─── SUPPLIED MATERIAL ───

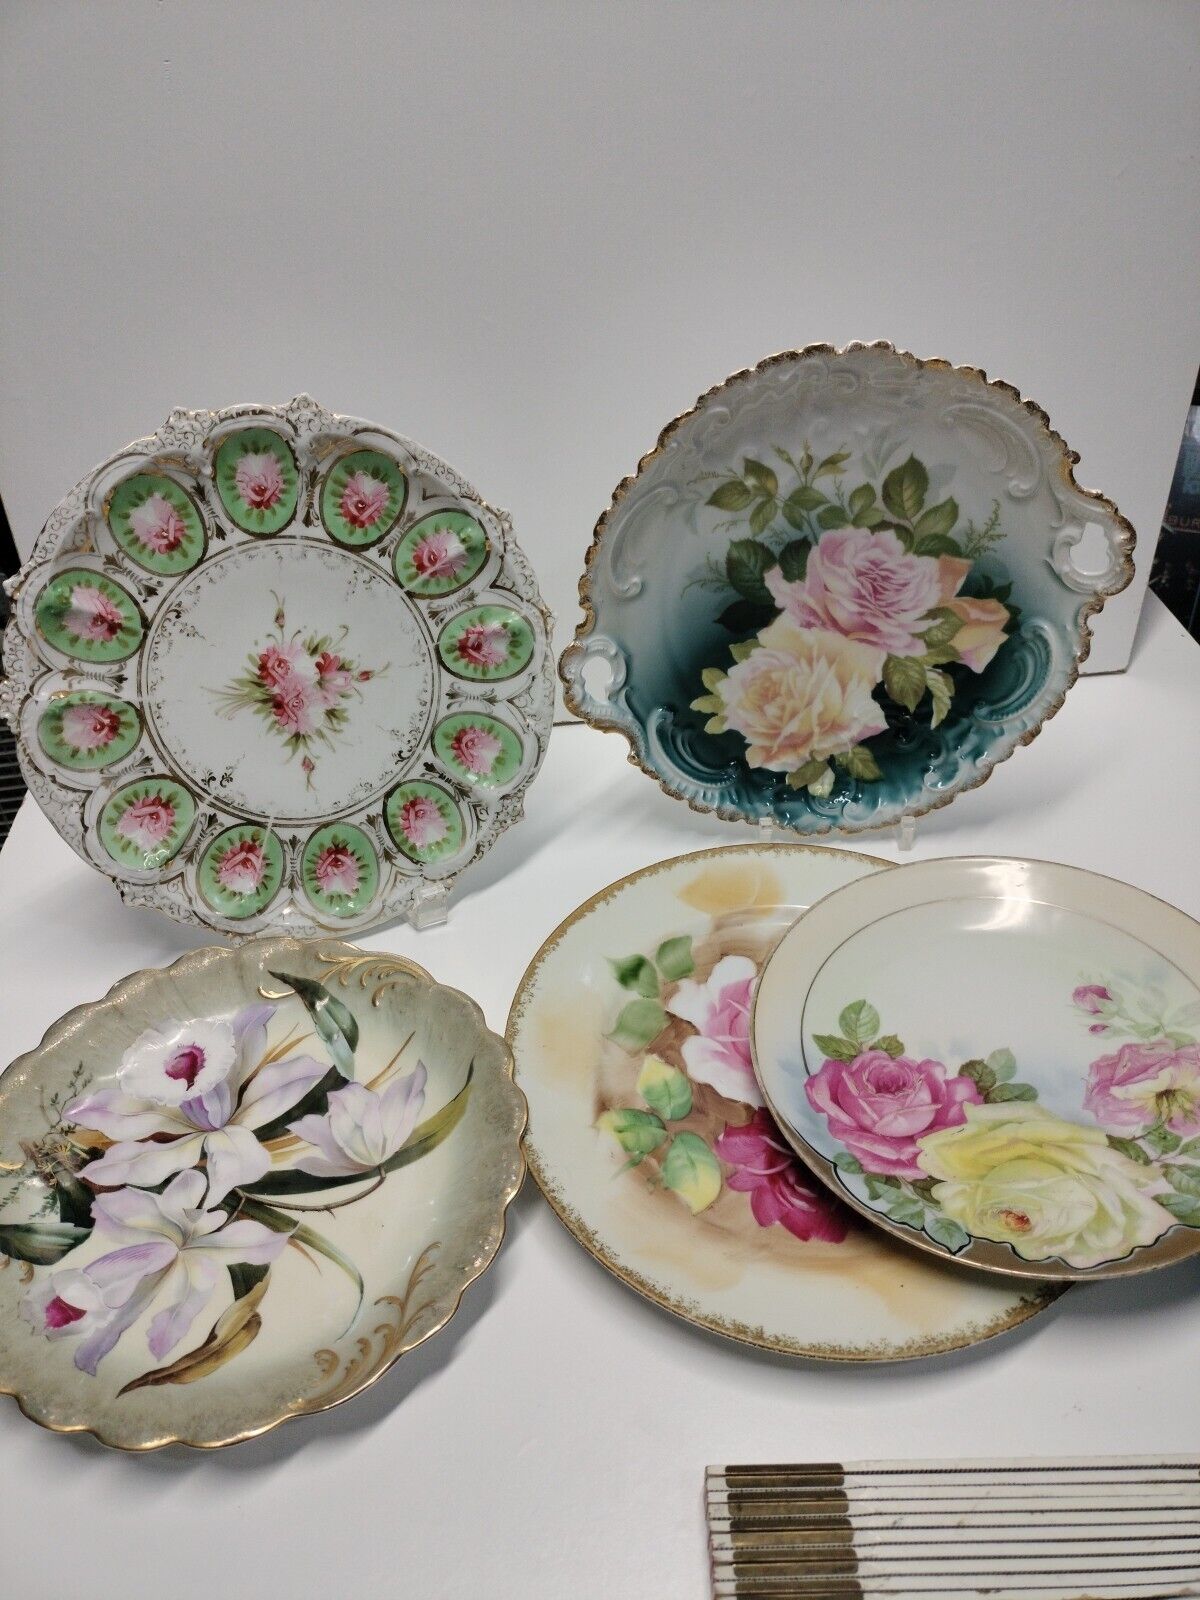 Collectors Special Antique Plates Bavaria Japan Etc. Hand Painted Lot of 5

───
─── SUPPLIED MATERIAL ───

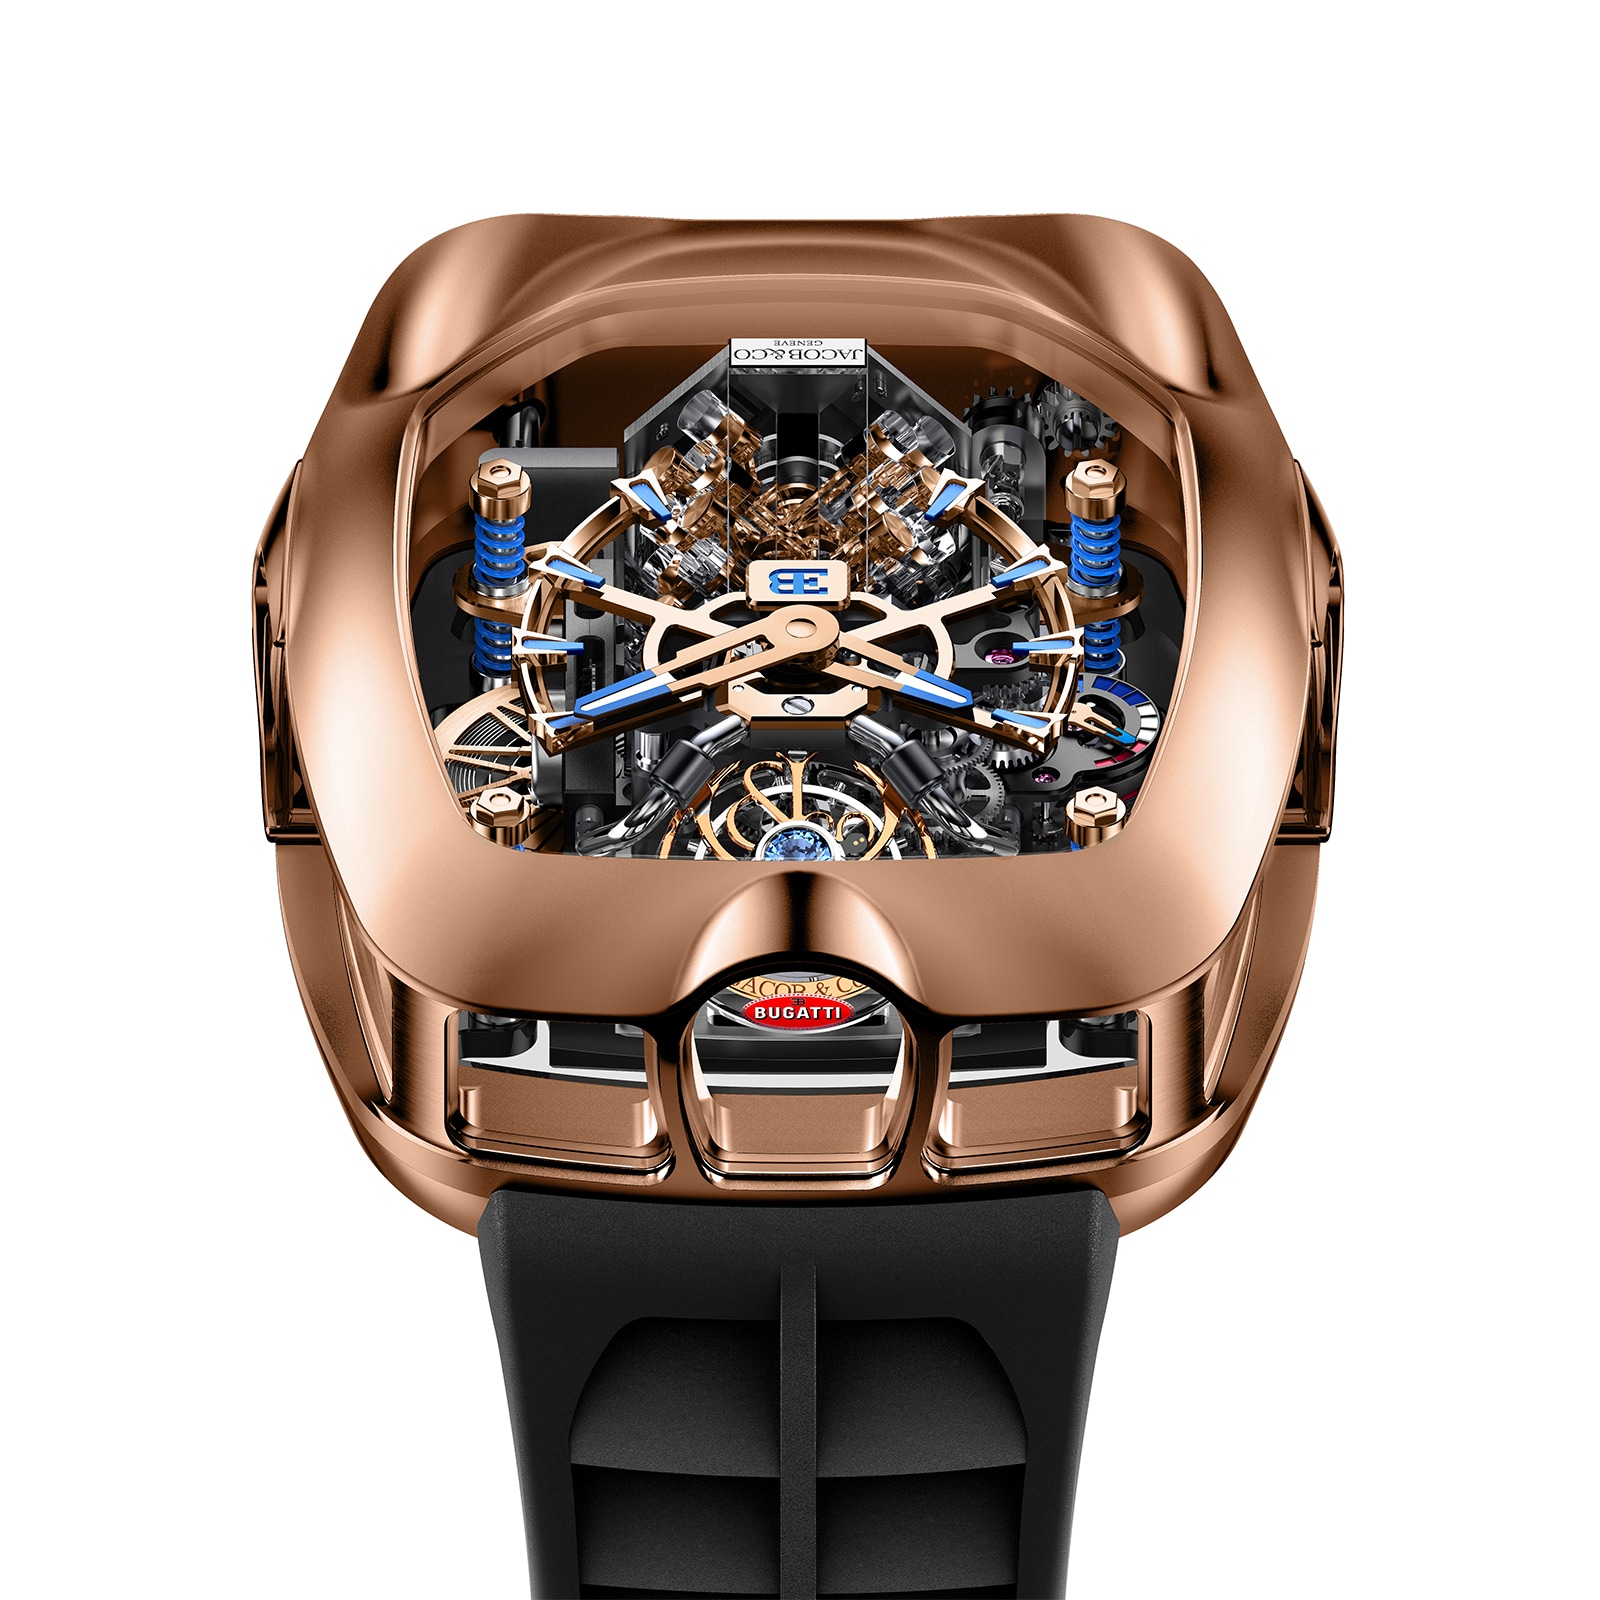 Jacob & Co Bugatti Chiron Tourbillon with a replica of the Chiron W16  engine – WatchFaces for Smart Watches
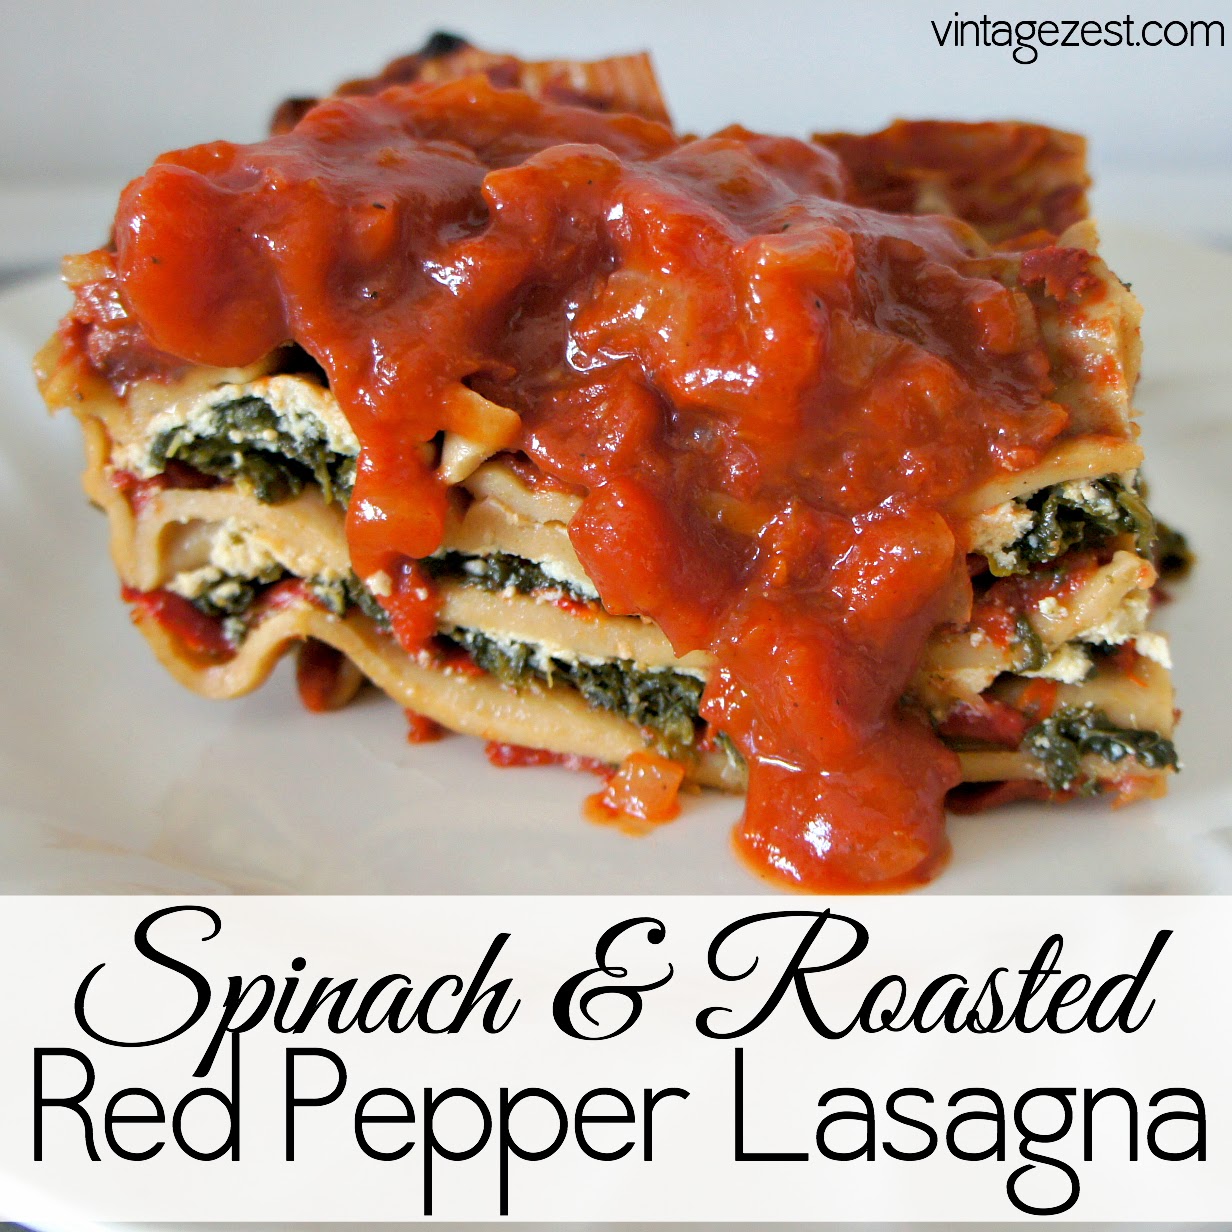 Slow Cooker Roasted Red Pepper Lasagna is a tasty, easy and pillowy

───

■ **EXERCISE**
From the records above, quote word for word only the lines beginning at the line that has "Jacob & Co Bugatti" and stopping after the line that has "Slow Cooker Roasted". Omit the pictures.

■ **YOUR SOLUTION**
 Jacob & Co Bugatti Chiron Tourbillon with a replica of the Chiron W16  engine – WatchFaces for Smart Watches
 Slow Cooker Roasted Red Pepper Lasagna is a tasty, easy and pillowy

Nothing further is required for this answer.